**What is required**: Down to the last line below, write out every line exactly, starting with the one that contains "A collage of" and leaving out the pictures.
-- Available data follows --
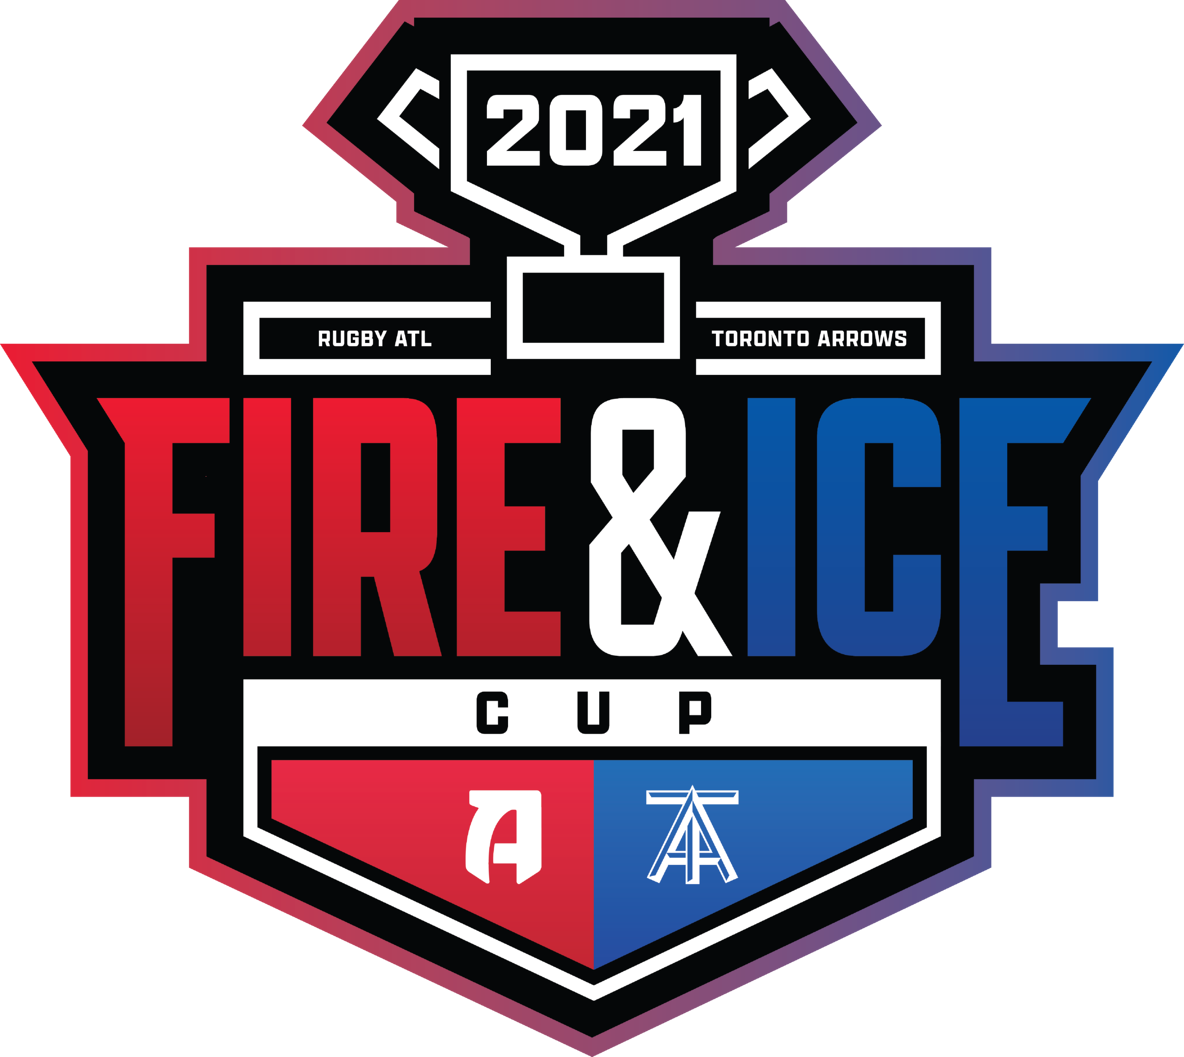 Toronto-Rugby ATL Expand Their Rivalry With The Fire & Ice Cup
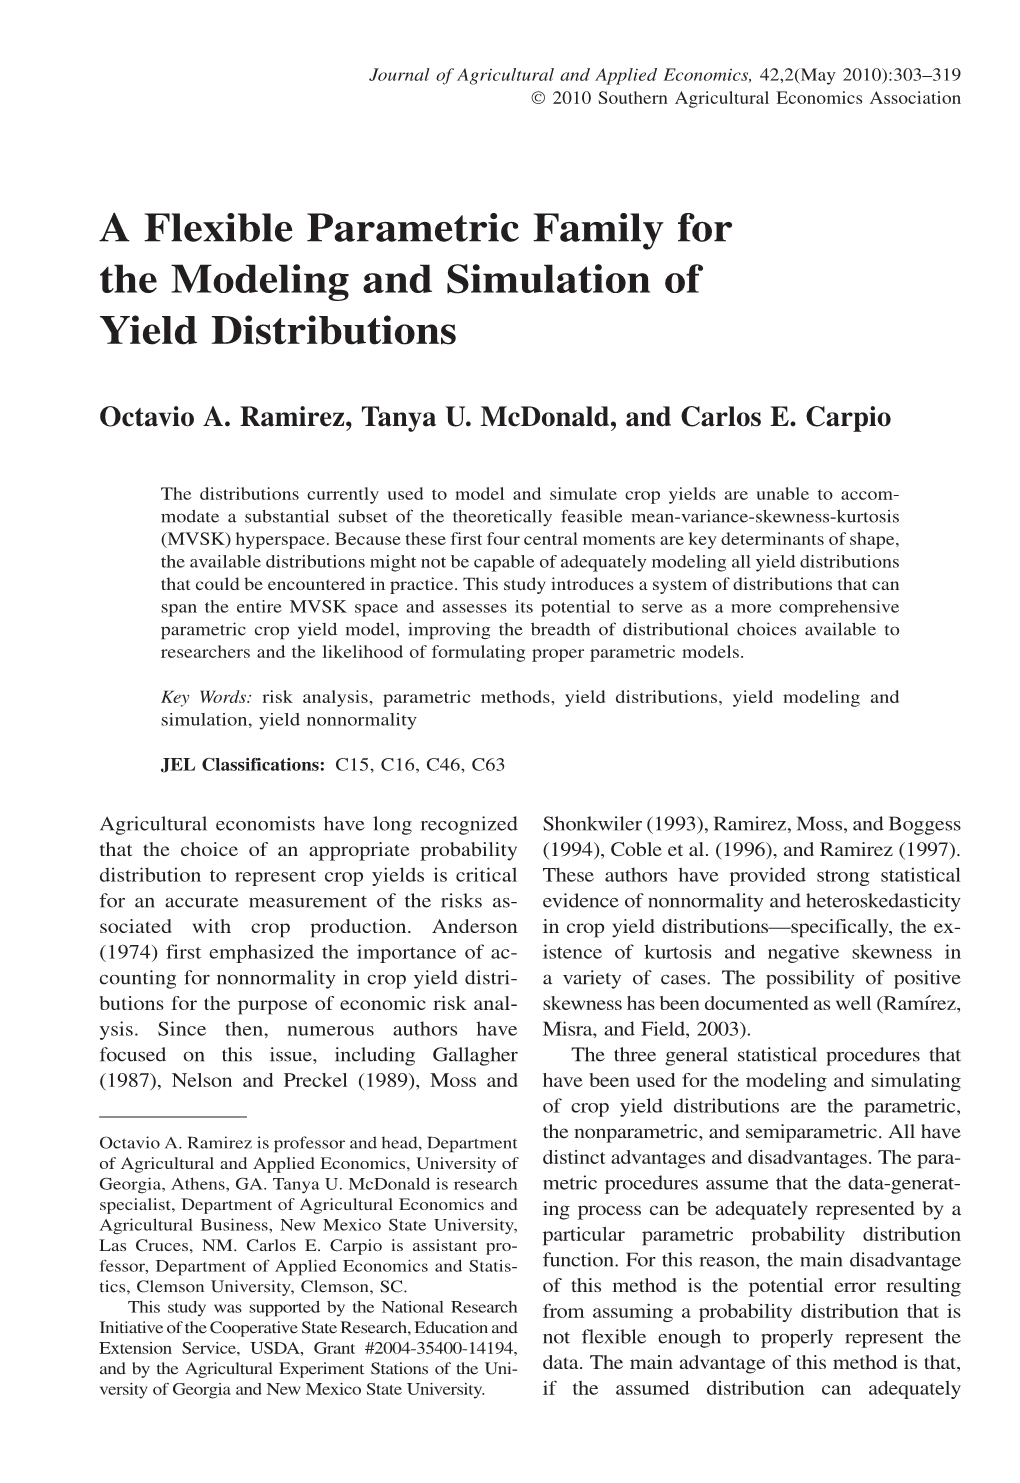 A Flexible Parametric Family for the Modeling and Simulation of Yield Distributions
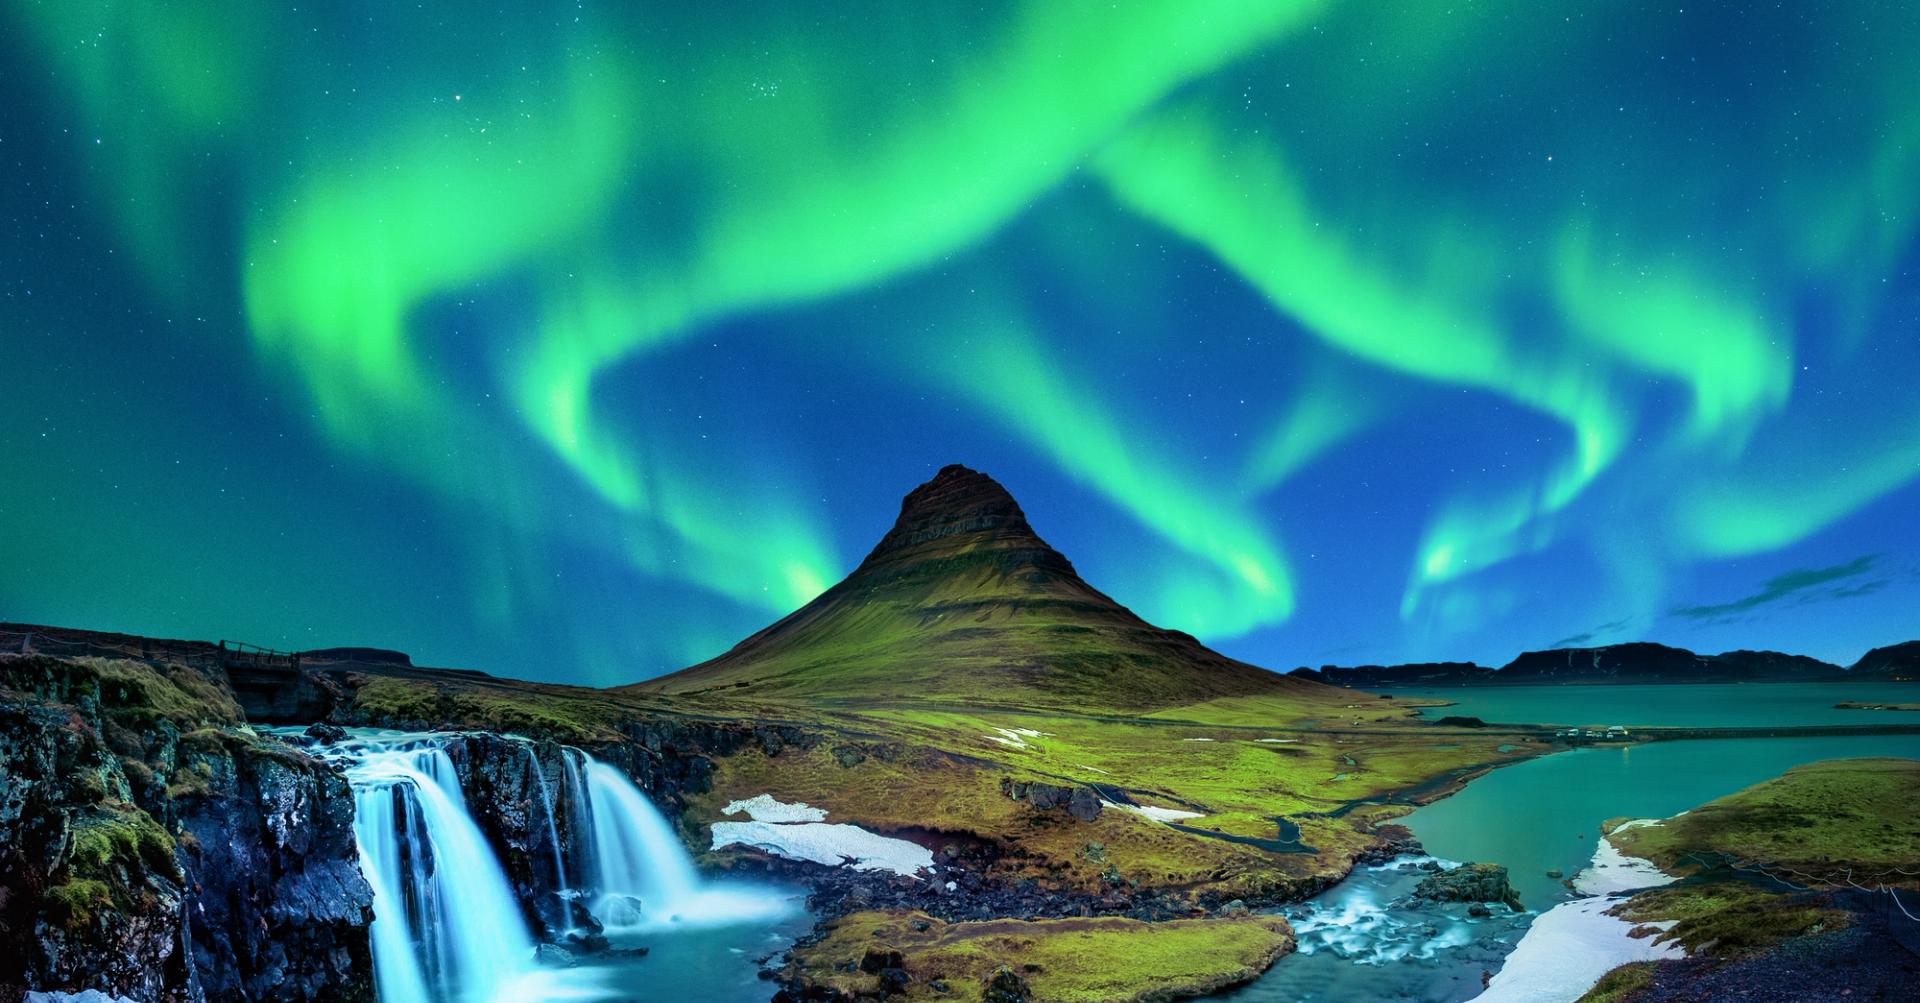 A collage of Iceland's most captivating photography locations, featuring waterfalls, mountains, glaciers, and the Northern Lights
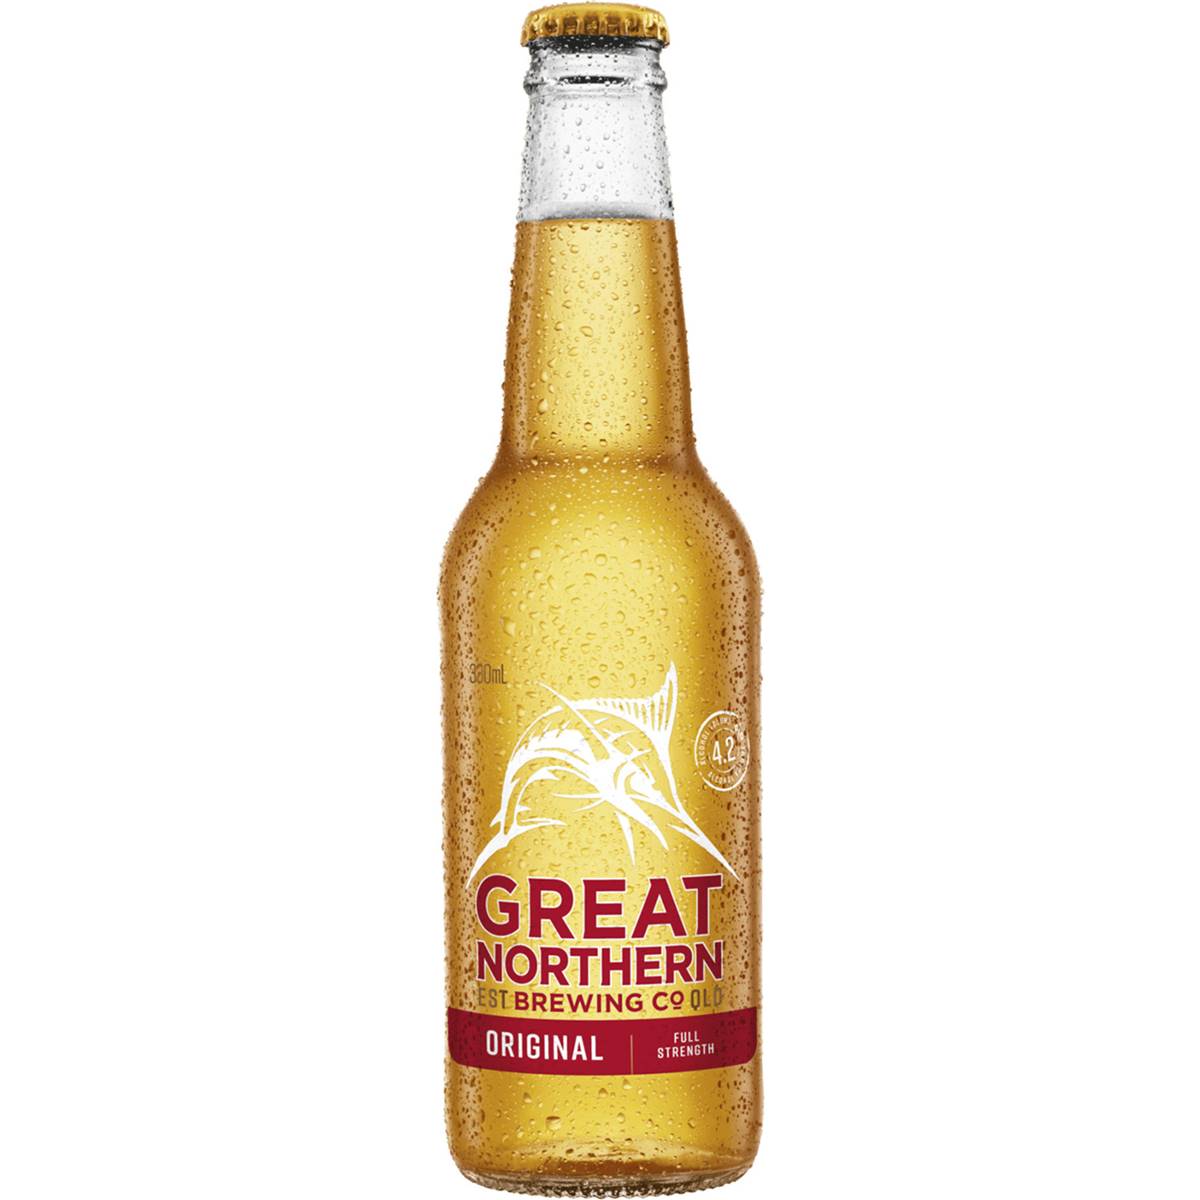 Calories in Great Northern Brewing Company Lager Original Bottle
-- Available data concluded --
**Response area**:
 A collage of Iceland's most captivating photography locations, featuring waterfalls, mountains, glaciers, and the Northern Lights
 Calories in Great Northern Brewing Company Lager Original Bottle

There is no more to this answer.